_Data records_

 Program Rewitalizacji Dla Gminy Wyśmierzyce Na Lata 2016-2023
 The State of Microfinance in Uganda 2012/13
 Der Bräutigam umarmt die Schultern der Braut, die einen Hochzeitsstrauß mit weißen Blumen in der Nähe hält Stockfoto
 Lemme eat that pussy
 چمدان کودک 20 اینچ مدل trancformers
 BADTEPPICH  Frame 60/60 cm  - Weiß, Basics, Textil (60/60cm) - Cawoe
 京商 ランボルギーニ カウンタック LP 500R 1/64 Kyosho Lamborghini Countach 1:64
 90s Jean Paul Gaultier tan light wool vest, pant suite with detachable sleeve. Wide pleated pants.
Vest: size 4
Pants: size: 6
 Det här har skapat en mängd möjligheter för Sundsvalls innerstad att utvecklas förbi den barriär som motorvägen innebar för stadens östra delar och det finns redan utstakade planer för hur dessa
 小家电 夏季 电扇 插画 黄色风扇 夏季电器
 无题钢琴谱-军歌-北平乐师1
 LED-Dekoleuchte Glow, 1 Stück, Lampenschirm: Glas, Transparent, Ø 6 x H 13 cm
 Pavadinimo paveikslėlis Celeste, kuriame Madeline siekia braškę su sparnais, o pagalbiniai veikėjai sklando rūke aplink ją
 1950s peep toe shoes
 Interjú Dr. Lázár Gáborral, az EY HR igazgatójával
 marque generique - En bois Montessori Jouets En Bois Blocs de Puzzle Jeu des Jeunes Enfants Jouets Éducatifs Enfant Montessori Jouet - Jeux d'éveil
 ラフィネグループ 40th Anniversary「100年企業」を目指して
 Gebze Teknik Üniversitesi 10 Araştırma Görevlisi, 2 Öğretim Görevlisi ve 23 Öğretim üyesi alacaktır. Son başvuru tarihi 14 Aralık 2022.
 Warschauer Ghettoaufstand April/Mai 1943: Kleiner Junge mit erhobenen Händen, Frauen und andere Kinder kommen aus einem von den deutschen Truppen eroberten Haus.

_Exercise goal_
Everything from the line containing "ラフィネグループ 40th Anniversary「100年企業」を目指して" through the line containing "Gebze Teknik Üniversitesi" in the material above should be retyped exactly, both ends included, and nothing more.

_Written reply_
 ラフィネグループ 40th Anniversary「100年企業」を目指して
 Gebze Teknik Üniversitesi 10 Araştırma Görevlisi, 2 Öğretim Görevlisi ve 23 Öğretim üyesi alacaktır. Son başvuru tarihi 14 Aralık 2022.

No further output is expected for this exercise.